Frankly, though, this just lets the show get away with more. If you put some of these ghosts in a more traditional setup it might get a bit too miserable to watch at times. At least here you don’t expect the intense gore to happen to the main characters, and indeed it doesn’t.
To that end, I feel that the action subgenre, which normally works against horror, is leveraged quite well here. It’s a rare blend to make effective.
Another element that helps the mix work is Keitarou. Keitarou is pretty much perpetually afraid, even when he’s willing to fight through that fear, and he doesn’t really have any offensive capabilities, unlike Yayoi. Because he’s the focus character, the show feels more horror-like than it otherwise could, since we’re following someone who’s usually running or cowering in fear, or at least who wants to. At the very start of the show, he can be a little annoying, but he finds his conviction and his fear is both extremely natural and in service of a purpose to the show.
So, with that taken care of, let’s have that little chat about the Specter of Death.
I love this thing. It’s horrid, and always has some new angle of being horrid that you notice when it shows up. It’s gloriously uncomfortable imagery and one still does not do it justice. But I don’t want this to just become a screenshot gallery, so I’ll leave it at one good shot.
And the thing is, all that imagery is very deliberate and intentional, not just creepy and psycho-sexual for the sake of it.
Let’s start with the infant imagery, the egg and embryo bits. It’s repeatedly pointed out that the Specter of Death is a monstrosity that is yet to be fully formed. It’s doing evil things, sure, but it’s still incubating, and will eventually (if the baddies have their way) come into full form. This isn’t just a visual thing either: when it takes on a god, it does so because the deity in question is bound to childbirth and the unborn, and cannot harm anything that is conceptually a child.
This is also used to help work with the theft of Yayoi’s mother, whose tormented soul seems to act as a surrogate for the monstrosity.
Then there’s the solar aspect.
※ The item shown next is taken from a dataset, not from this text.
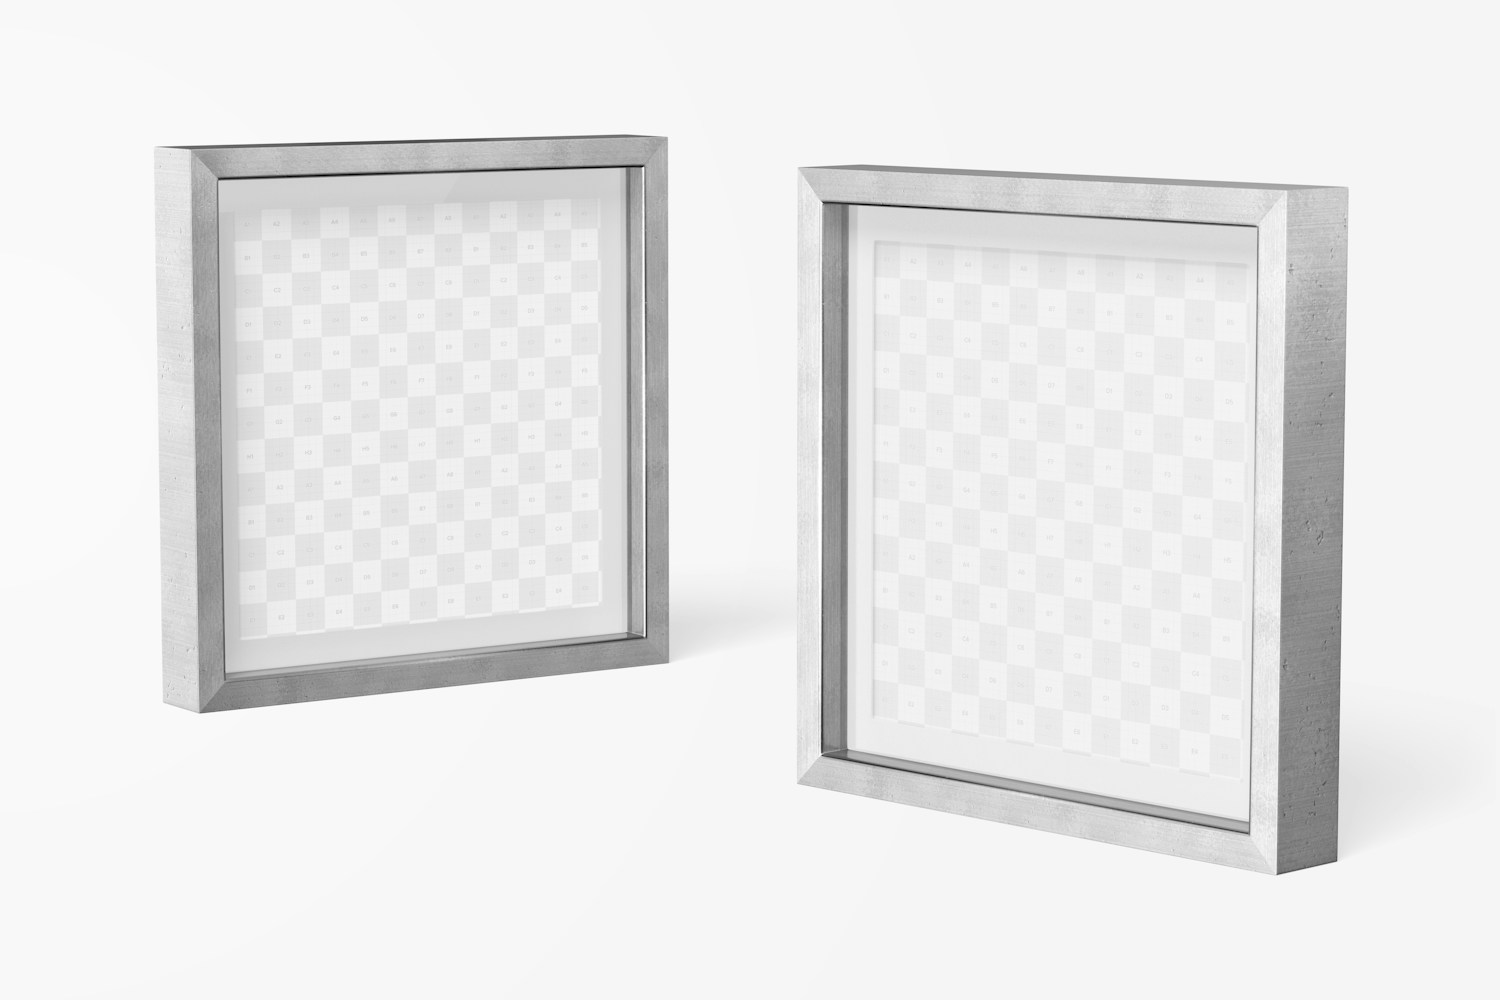 Square Metallic Shadow Box Frames Mockup, Perspective

It’s not pronounced yet, but the idea of its advent being a new dawn exists. The suggestion of yin and yang also brings in the concept of energy.
I think, when looking at horror, there’s this temptation to say “well if it’s gribbly and scary that’s fine”. But one of the things that Dark Gathering is exceptional on is instead choosing what images best fit the story and character of the spooky thing.
Pretty much every ghost in Dark Gathering, not just the Specter of Death, has its horrible nature deliberately and carefully chosen to evoke a specific brand of horror. Imagery is more powerful when it’s intentional, and it is here.
Lastly for the Specter, there’s its role in the story. It’s sort of the expected end boss, but it doesn’t have a lot of thought and personality. It is unborn, after all. It ties back
So, what about the final grade for the show at all? The story is solid, but unfinished and noticeably so, even if it is at least a bit satisfying. The individual sub-stories are great, as I’ve gone into, as are the visuals. The story gives itself enough time to build characters that could have been very basic. It is, all around, incredibly solid.
I will, for my part, give it an A for that solid profile. There are weaknesses, especially given that it’s an incomplete adaption that doesn’t try to hide it, but it’s a very good show. If you want to see some messed up ghosts do their things, this show is very satisfying and strong. Go ahead and check it out.